I am obsessed with music. I grew up listening to Metallica, Guns N Roses, ACDC, Ozzy Osbourne and Black Sabbath...and as an about to be teen, discovered the genre of heavy metal even further. I am diagnosed bipolar II disorder. Because of medication, which has been part of my life for literally half of it now at 32 years old, the mania and depression parts eventually got under control. But underneath those, crept up insomnia, anxiety, paranoia, etc.

The reason why I'm posting this is to combat another stereotype: metal music. I listen to all sorts of types of metal. There are various subgenres within the genre of "heavy metal". Some not so hard on the ears, some to the average person borderline intolerable. I literally use the "intolerable" type as a sleep aid. It helps me relax. That seems counterproductive, listening to something loud, hearing someone scream/yell/growl into a microphone to the point you can't understand what they're saying.
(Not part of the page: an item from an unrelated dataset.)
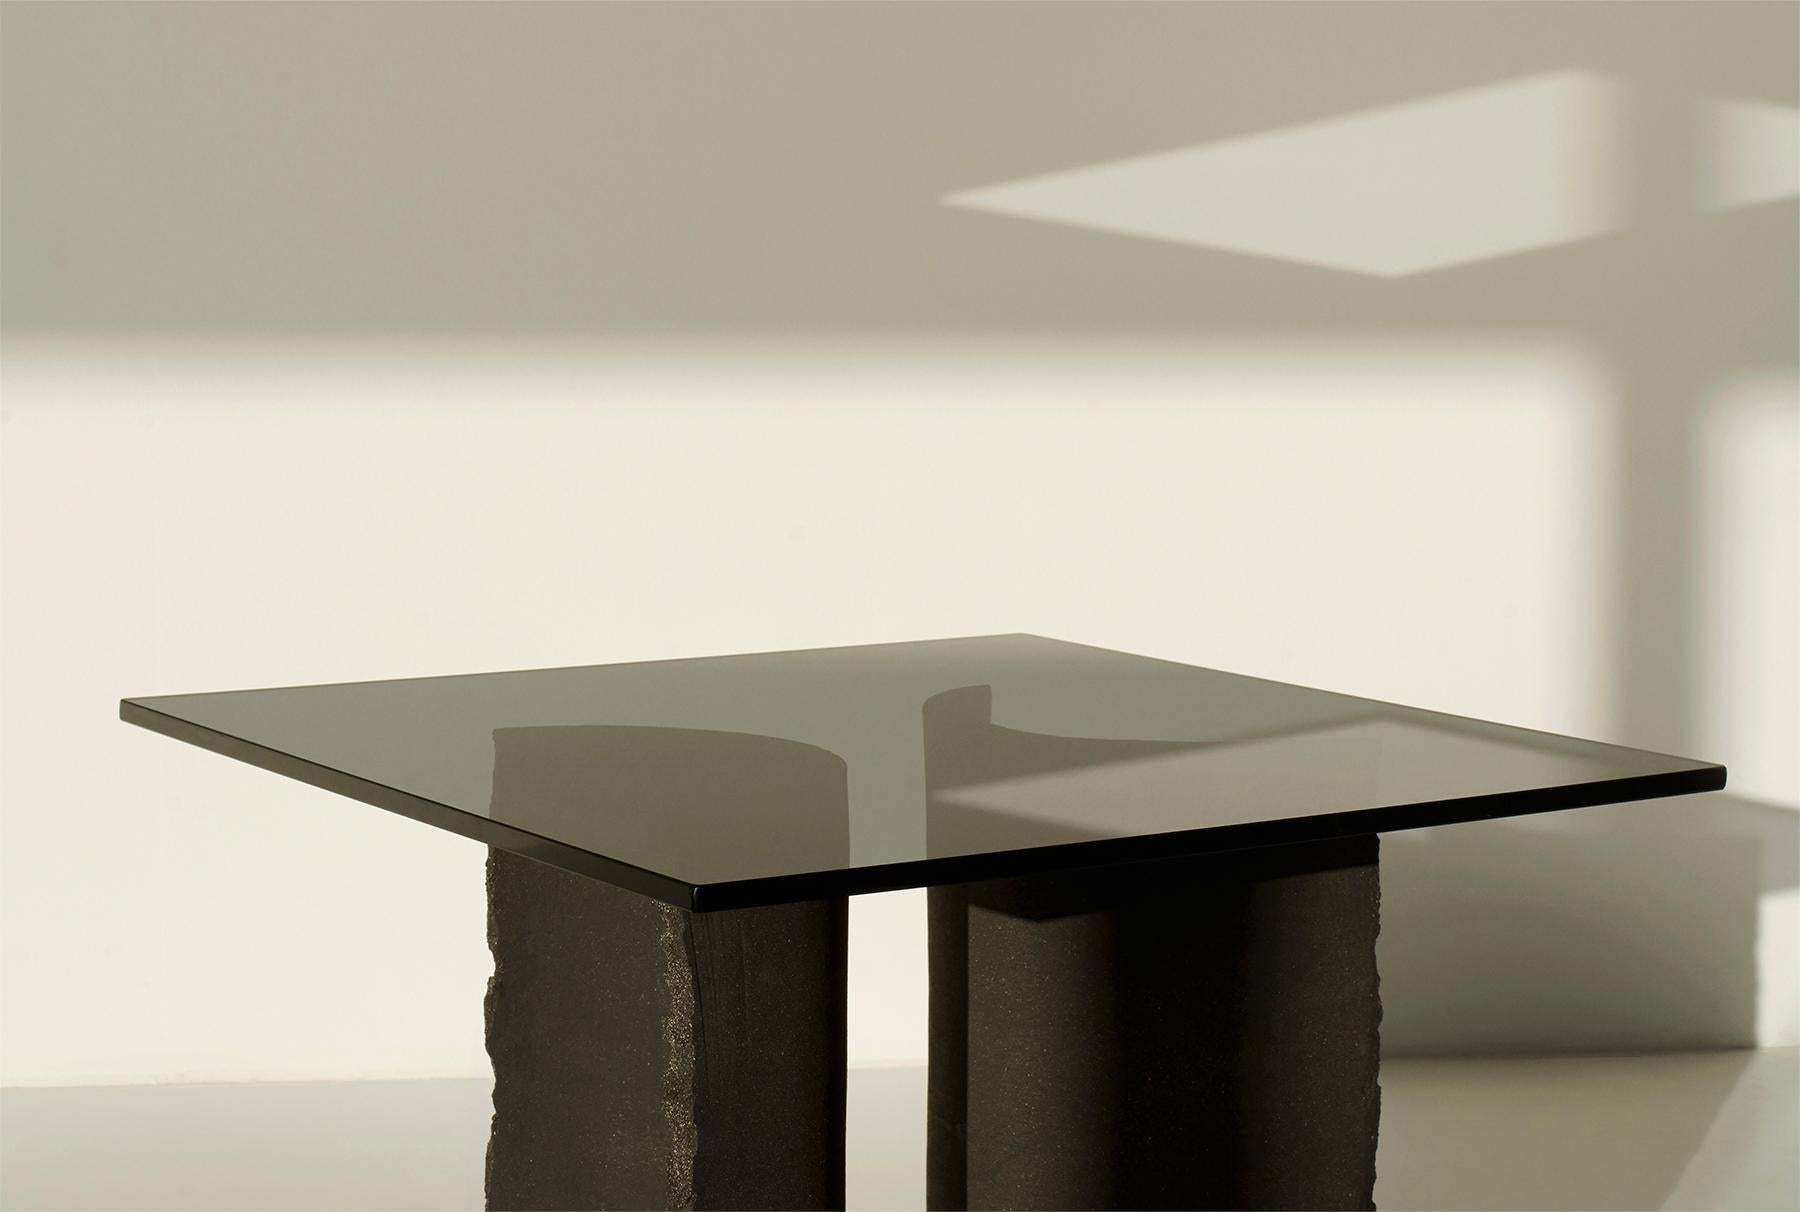 Swedish Common Effort Hand-Sculpted Black Clay Table by Sanna Völker

But in a way, it's a method to sort of blow my mind up on the hundreds of things on any given night my brain wants to stray to once I'm in bed, even after taking my medication. It's bludgeoning in a way, and it's effective for me. When your ears/brain are hearing something so chaotic, it drowns out any possible wandering thoughts you may have. It limits your train of thought to only a couple things: this is great or this is horrible. I value my brain in bed being limited to only a couple thoughts as a rather extraordinary night given how overly active is generally throughout any given day, including the time I'm putting into this post.

So...I don't know my exact goal here. I guess maybe I'm agreeing with the article to the extent music can slow your mind down, relieve anxiety. But there's other things about music, in particularly concerning mental health, that can possibly help alleviate issues even further.

So like a lot of people, if you can tolerate the Ozzy's and Metallica's of this world, try digging deeper into something a bit heavier. It may be offputting at first, but you listen on headphones while in bed, you're only left with one thought...even if it's not the most pleasurable thought in the world.